The 2 conditions for coalescing are : Threads of the warp must access a chunk of 32, 64 or 128 bytes. Warp's first thread must be accessing an address which is a multiple of 32, 64 or 128

But in this example(first condition), nothing guarantees that the warp will access a chunk of 32 bytes.

If I assume that a's elements are floats (4 bytes), and if I define blockDim.x as 5, then every warp will access chunks of 20 (4x5) bytes even though elements of my "a" array have a size of 4,8 or 16 bytes, and not 32. So, is the very first claim about coalescing false ?

Thank you for your answer.

Solution

But in this example(first condition), nothing guarantees that the warp will access a chunk of 32 bytes.

Because of thread ordering, it guarantees that each warp accesses 128 bytes (32 threads x 4 bytes).
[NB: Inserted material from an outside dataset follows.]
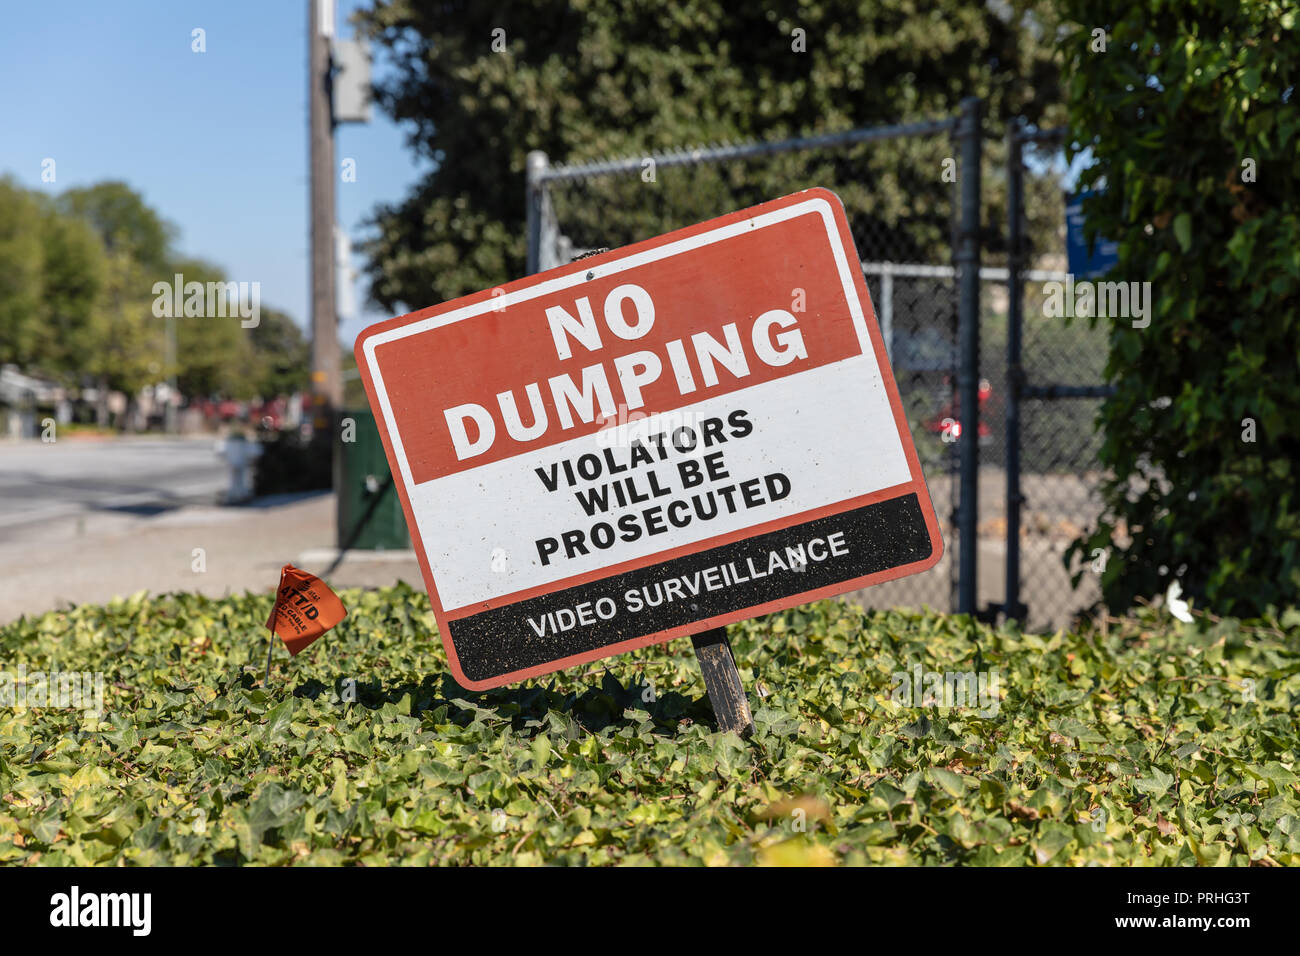 No dumping – Violators will be prosecuted – Video surveillance, sign; California, USA Stock Photo

Which is a necessary condition of coalesced memory access.

If I assume that a's elements are floats (4 bytes), and if I define blockDim.x as 5, then every warp will access chunks of 20 (4x5) bytes even though elements of my "a" array have a size of 4,8 or 16 bytes, and not 32.

Warps are always 32 threads. If you define blockDim.x as 5, each block will consist of 1 warp with 27 nulled threads. The coalescing rules will still apply and transactions will be coalesced, but you are wasting 27/32 of your potential computational capacity and memory bandwidth.

So, is the very first claim about coalescing false ?

No.